Morphlux: Transforming Torus Fabrics for Efficient Multi-tenant ML
Abhishek Vijaya Kumar, Eric Ding, Arjun Devraj, Darius Bunandar, Rachee Singh
TL;DR
This work tackles the core problem that torus-based ML fabrics, while efficient for large-scale training, underperform for multi-tenant inference and fine-tuning workloads due to bandwidth under-utilization, compute fragmentation, and large fault blast radii. Morphlux proposes a server-scale programmable photonic fabric that redirects accelerator egress bandwidth and reconfigures intra-server topology to maintain torus-like contention-free communication while enabling arbitrary tenant slices.
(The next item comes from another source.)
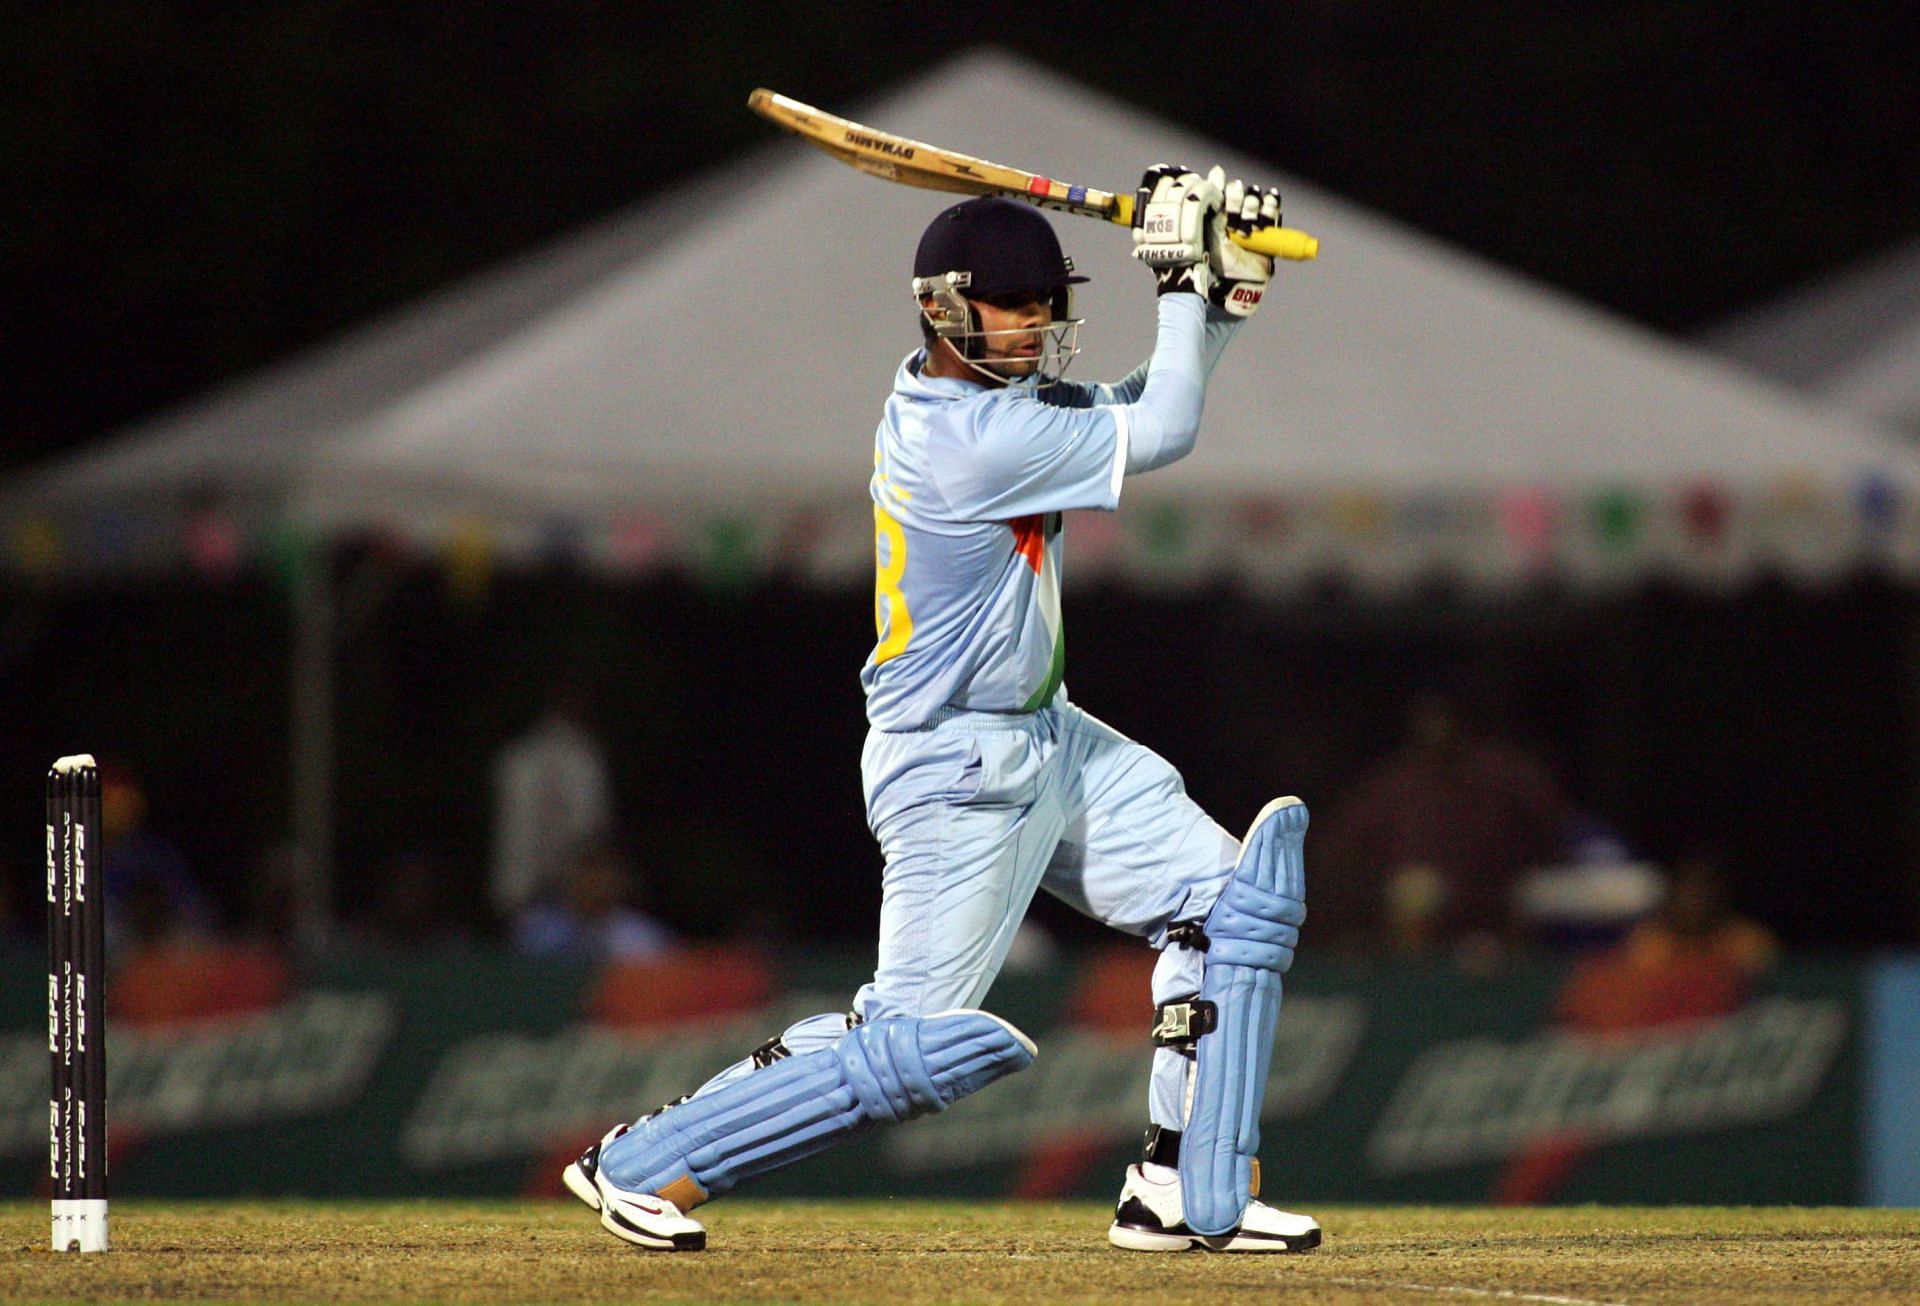 Virat Kohli led the Indian team in the 2008 U-19 World Cup. (Pic: Getty Images)

The authors develop MorphMgr with a fragmented-slice ILP allocator, in-place fault tolerance via SRG-aware spare XPUs, and a hardware control plane to realize optical circuits; they validate these ideas with an end-to-end hardware prototype and a large-scale TPU-cluster simulator. Key results include up to $66\%$ bandwidth gains, up to $70\%$ fragmentation reduction, $1.72\times$ end-to-end training throughput improvement, and $\sim1\,\text{s}$ fault-recovery latency, demonstrating practical multi-tenant ML acceleration at server scale with optical programmability. The work highlights the potential of server-scale photonics to complement torus fabrics and deliver robust, scalable performance for diverse ML workloads, with open-source artifacts enabling further exploration.
Abstract
We develop Morphlux, a server-scale programmable photonic fabric to interconnect accelerators within servers. We show that augmenting state-of-the-art torus-based ML data-centers with Morphlux can improve the bandwidth of tenant compute allocations by up to 66%, reduce compute fragmentation by up to 70%, and minimize the blast radius of chip failures. We develop a novel end-to-end hardware prototype of Morphlux to demonstrate these performance benefits which translate to 1.72X improvement in training throughput of ML models. By rapidly programming the server-scale fabric in our hardware testbed, Morphlux can replace a failed accelerator chip with a healthy one in 1.2 seconds.